- **COLLECTED DATA**
....................
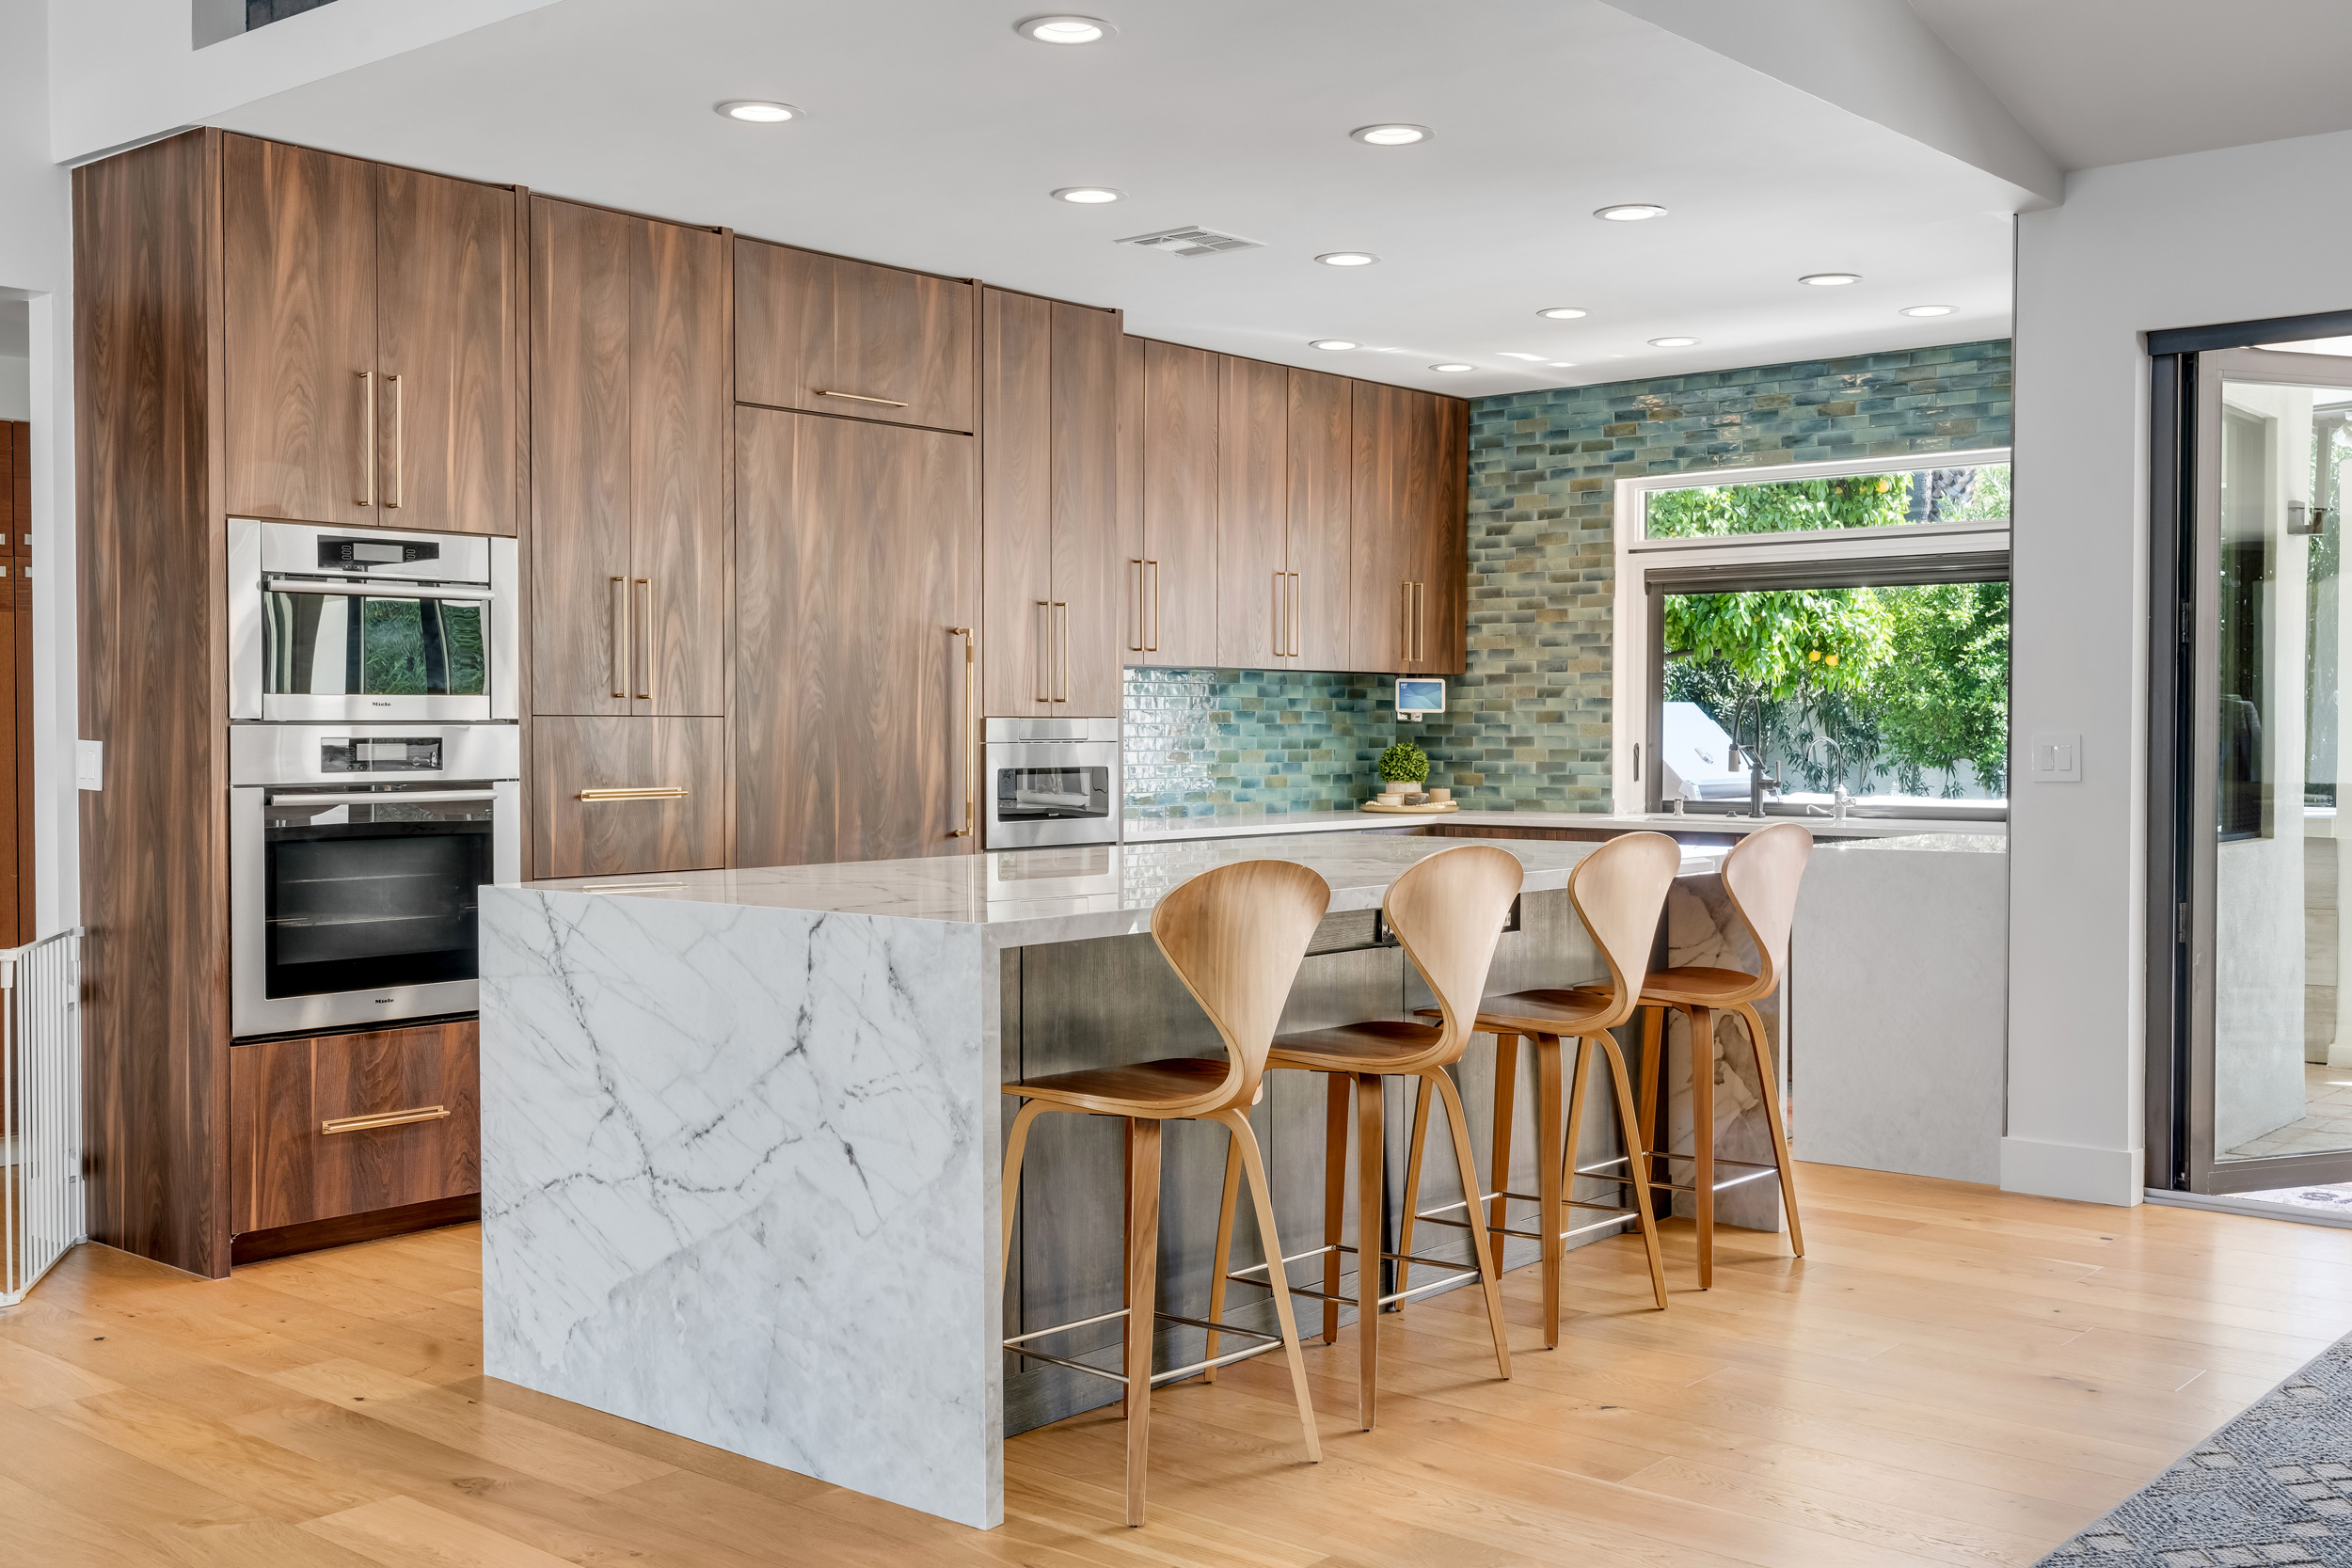 Large-format Porcelain Sintered Stone Countertop in White Patagonia Polished
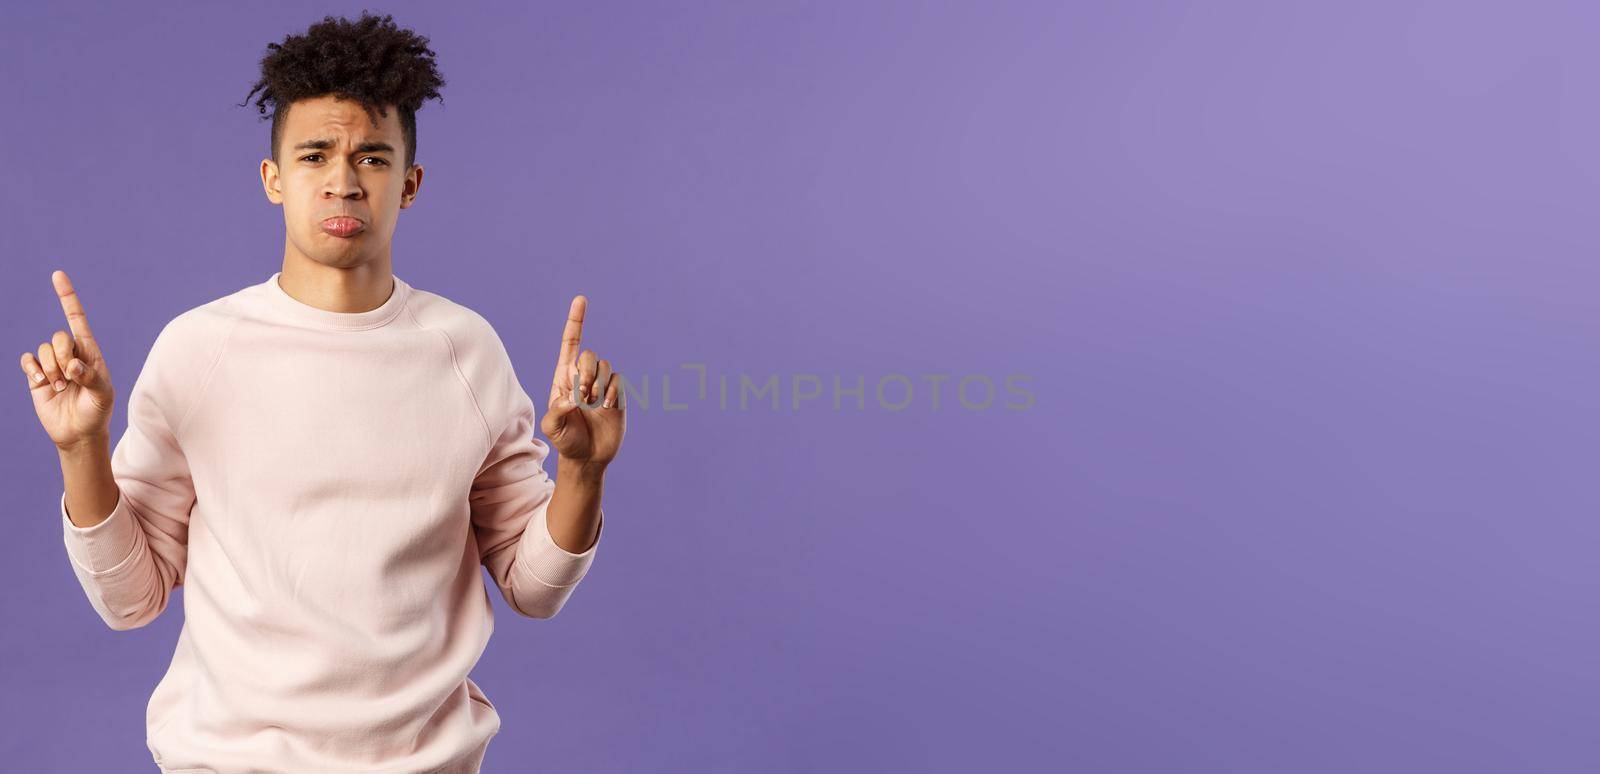 Portrait of gloomy, pouting frowning hipster guy dont have something he wants, pointing fingers up at super cool expensive thing, asking for it, trying receive compassion, purple background.
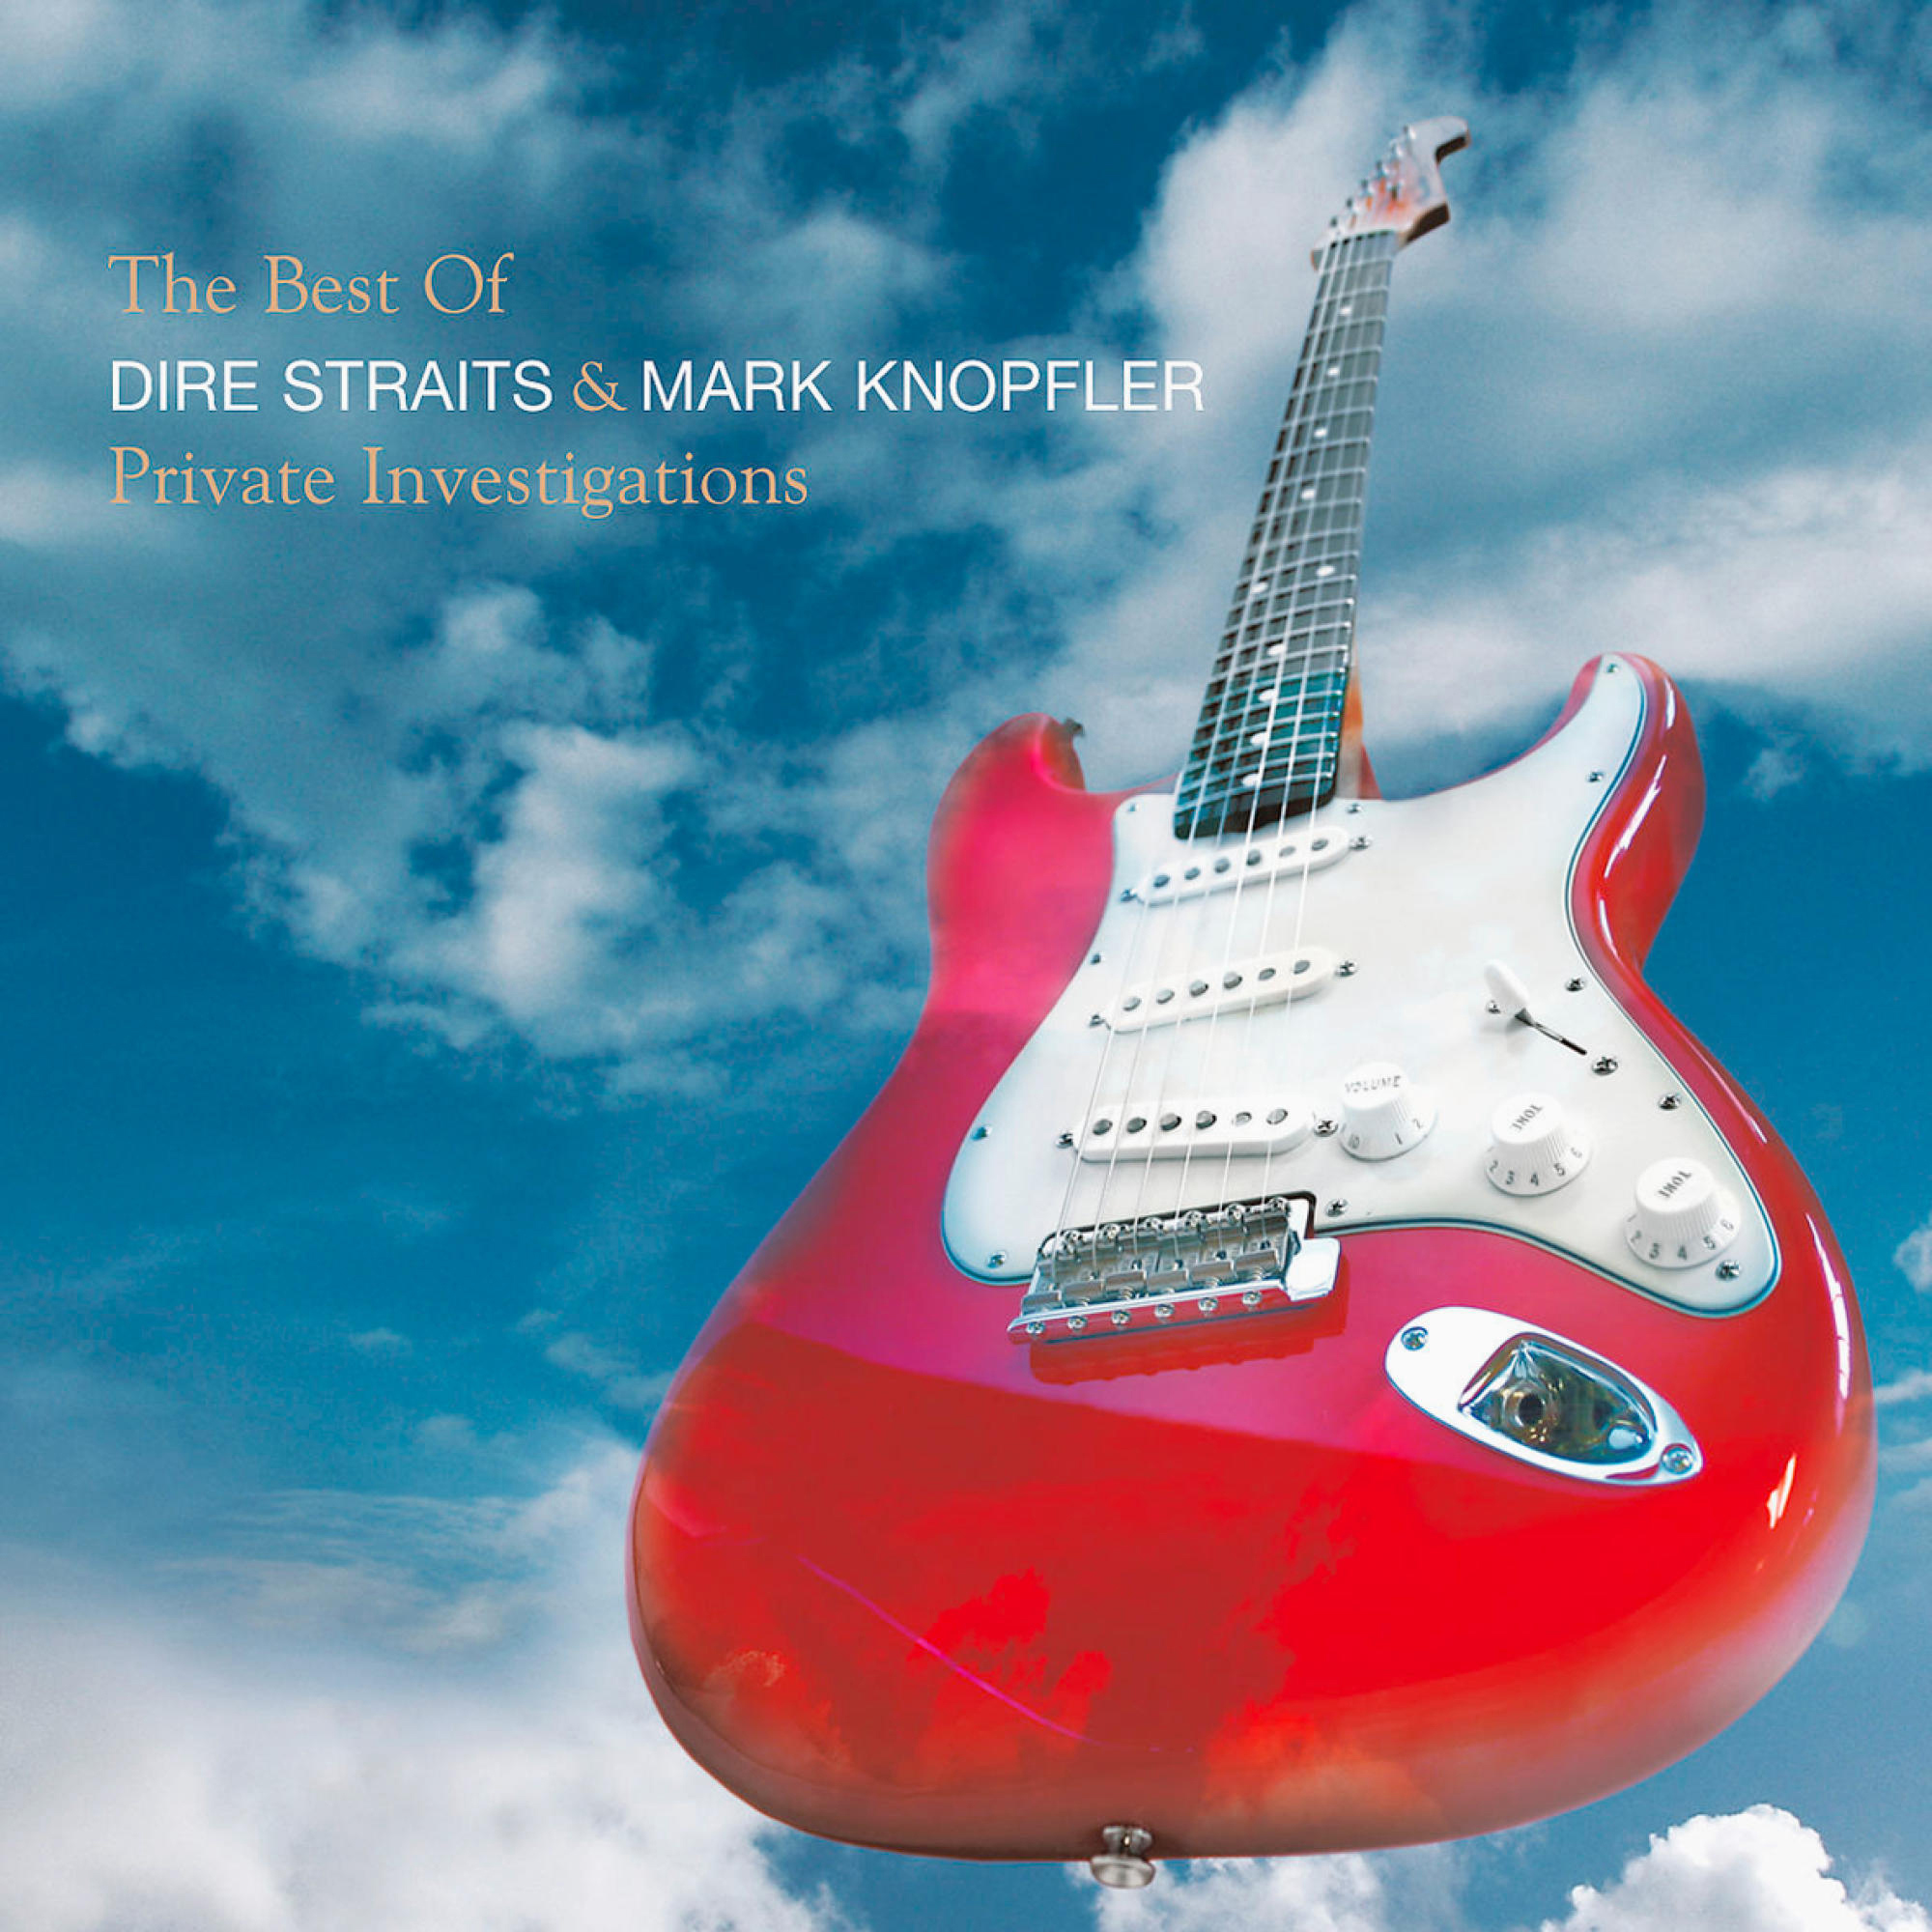 Knopfler Straits, - (CD) Dire - Of Mark Private - Best Investigations
....................
- **THE PROBLEM**
Reproduce each line above precisely, with no pictures.

- **RESPONSE**
 Large-format Porcelain Sintered Stone Countertop in White Patagonia Polished
 Portrait of gloomy, pouting frowning hipster guy dont have something he wants, pointing fingers up at super cool expensive thing, asking for it, trying receive compassion, purple background.
 Knopfler Straits, - (CD) Dire - Of Mark Private - Best Investigations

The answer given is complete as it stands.